__TASK INPUTS__
◇ ◇ ◇
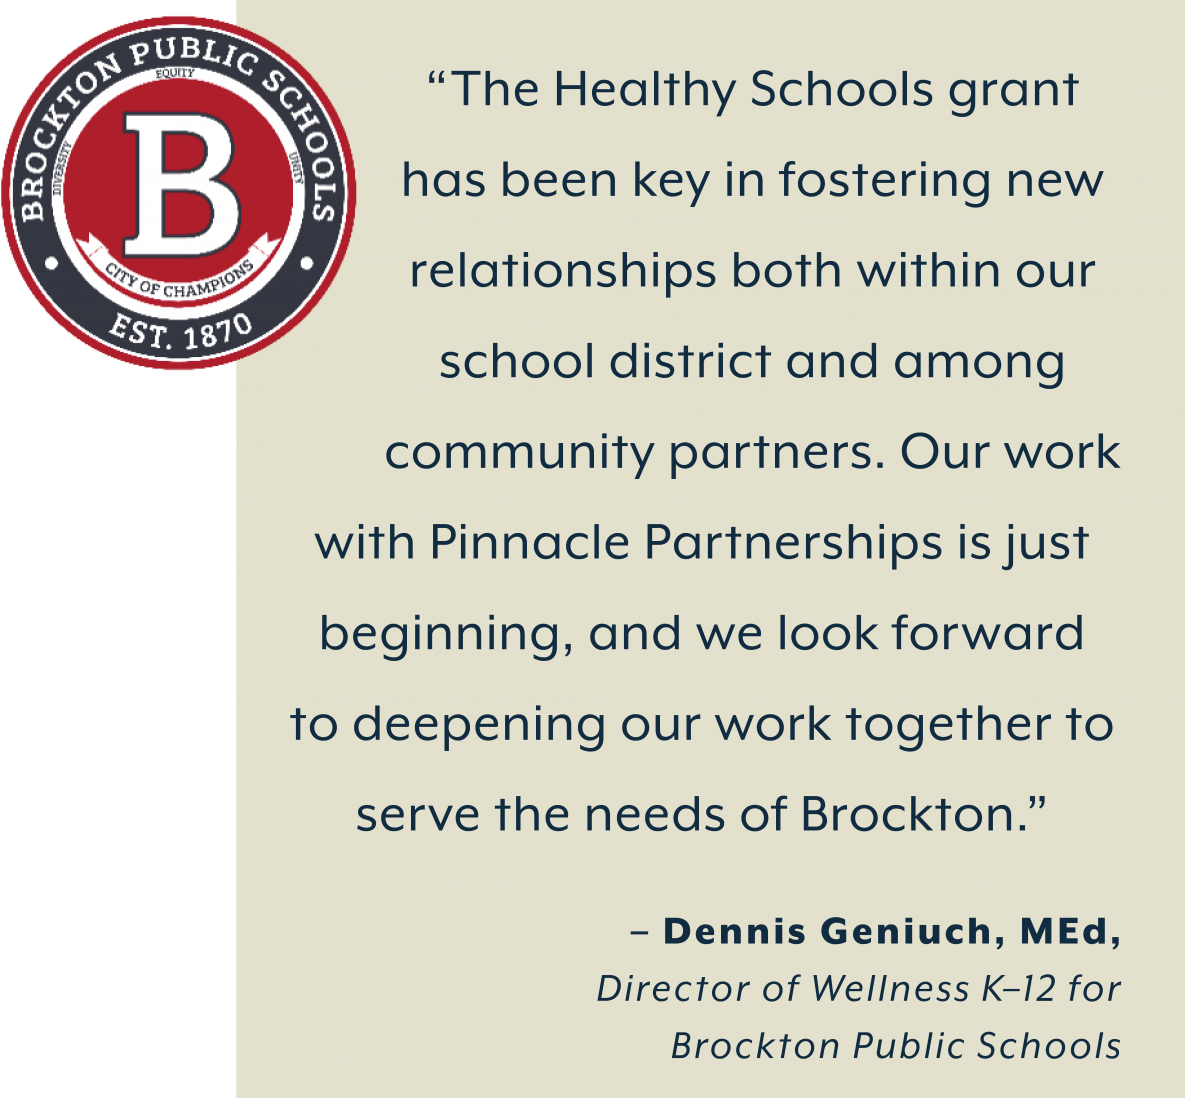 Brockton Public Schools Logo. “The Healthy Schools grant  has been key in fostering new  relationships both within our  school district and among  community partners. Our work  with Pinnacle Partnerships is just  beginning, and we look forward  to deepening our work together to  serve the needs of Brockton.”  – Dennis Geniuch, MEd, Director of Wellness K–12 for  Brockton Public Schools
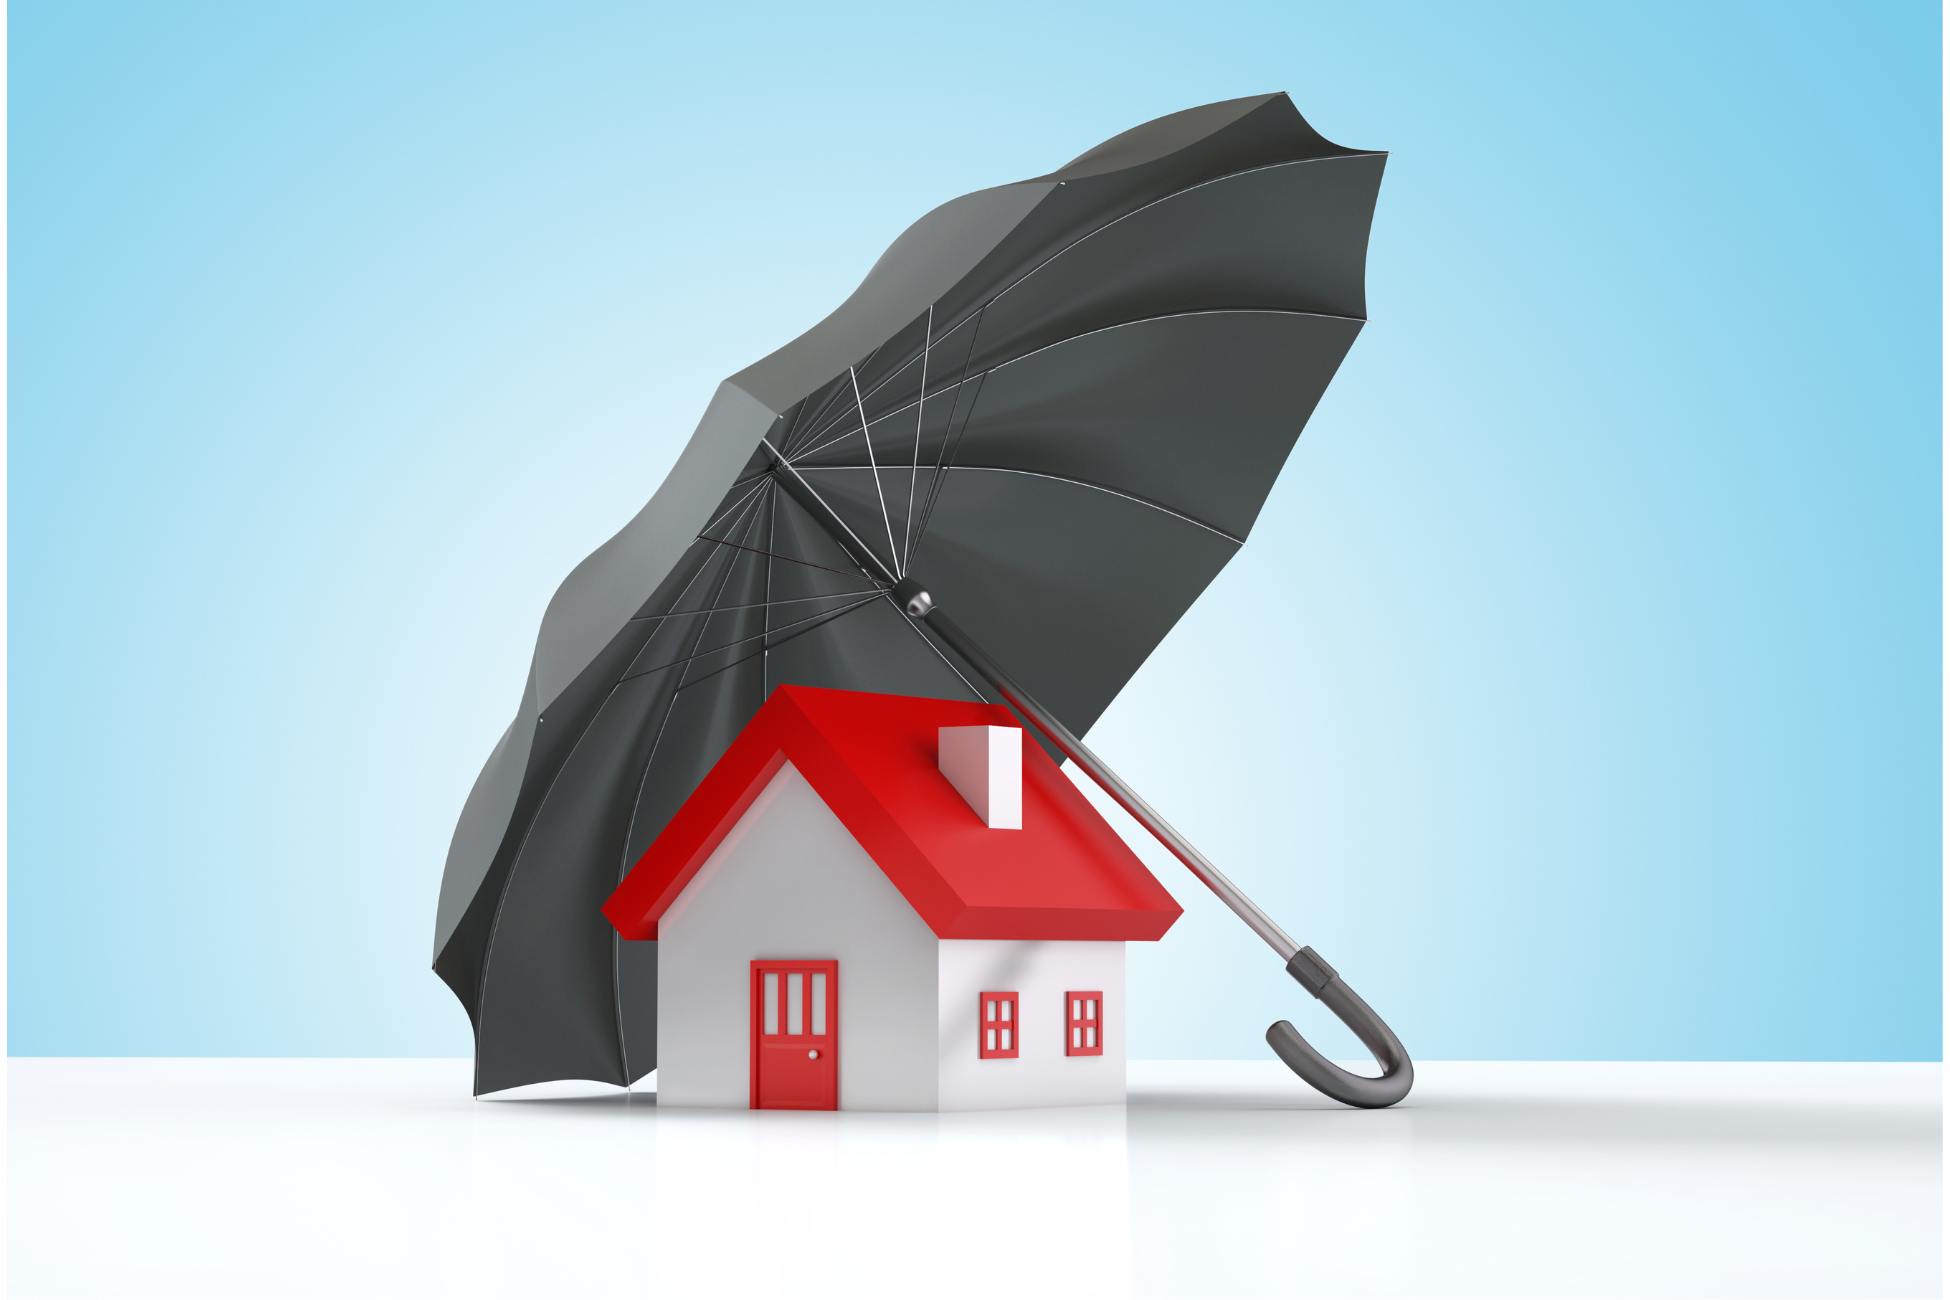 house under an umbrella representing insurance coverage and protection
◇ ◇ ◇
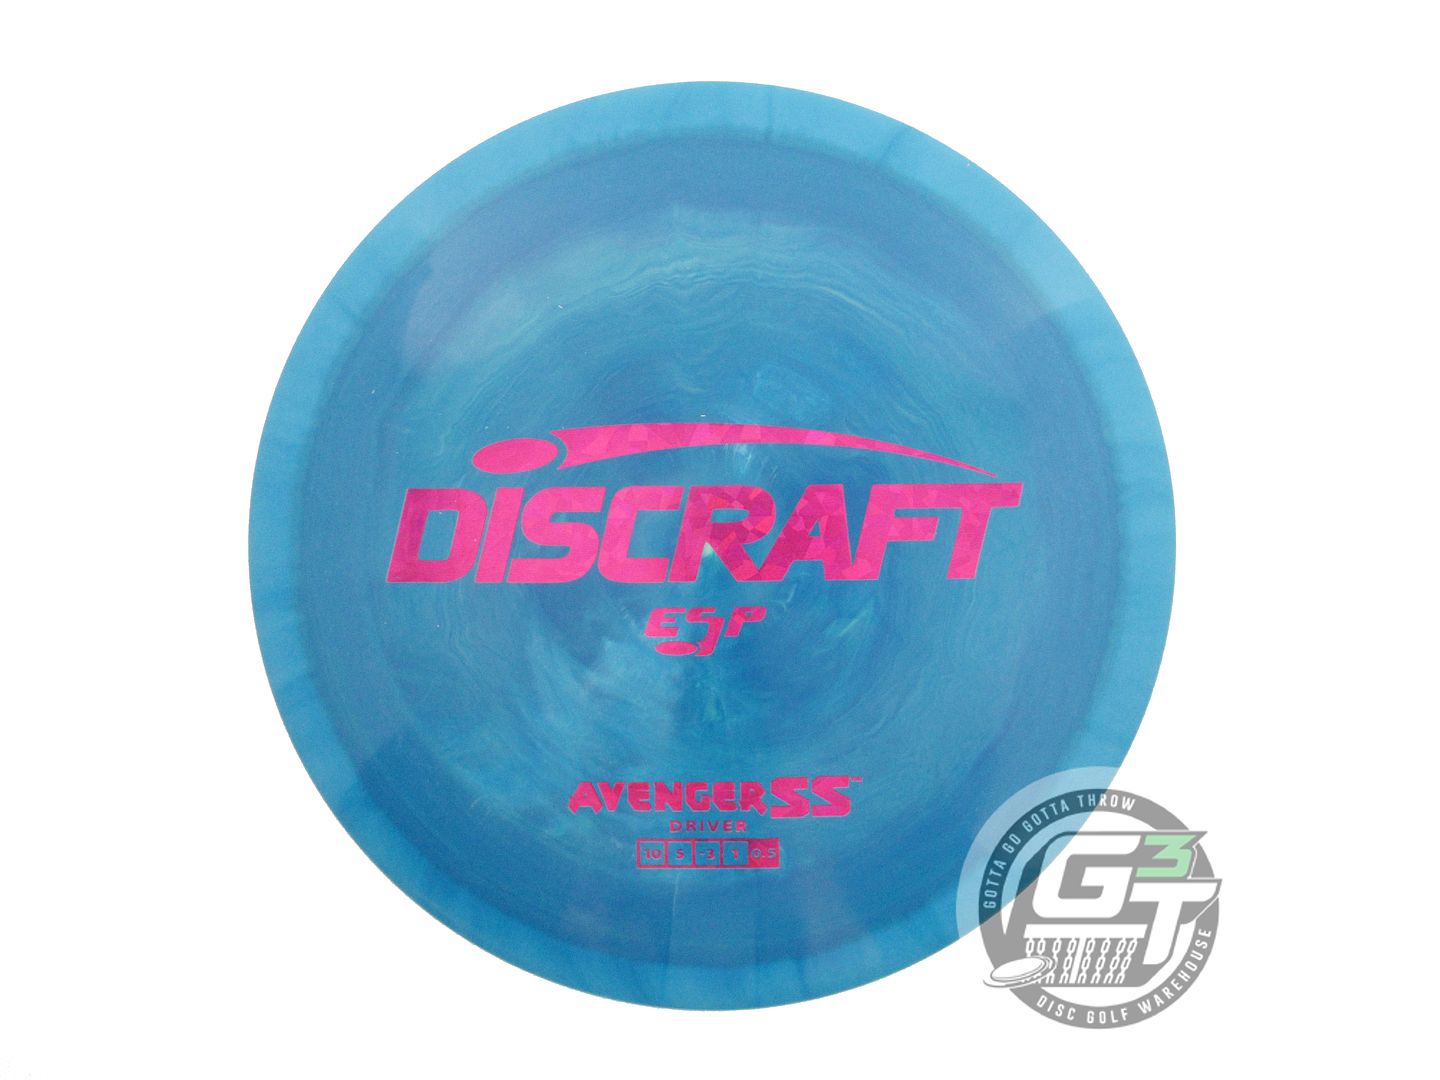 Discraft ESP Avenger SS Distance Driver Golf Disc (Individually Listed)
◇ ◇ ◇
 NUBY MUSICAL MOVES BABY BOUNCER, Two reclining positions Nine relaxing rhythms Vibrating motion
◇ ◇ ◇
__TASK PROMPT__
From the data above, return exactly the lines from the one with "Brockton Public Schools Logo." up to and including the one with "house under an". Pictures do not go in the copy.

__TASK RESULT__
 Brockton Public Schools Logo. “The Healthy Schools grant  has been key in fostering new  relationships both within our  school district and among  community partners. Our work  with Pinnacle Partnerships is just  beginning, and we look forward  to deepening our work together to  serve the needs of Brockton.”  – Dennis Geniuch, MEd, Director of Wellness K–12 for  Brockton Public Schools
 house under an umbrella representing insurance coverage and protection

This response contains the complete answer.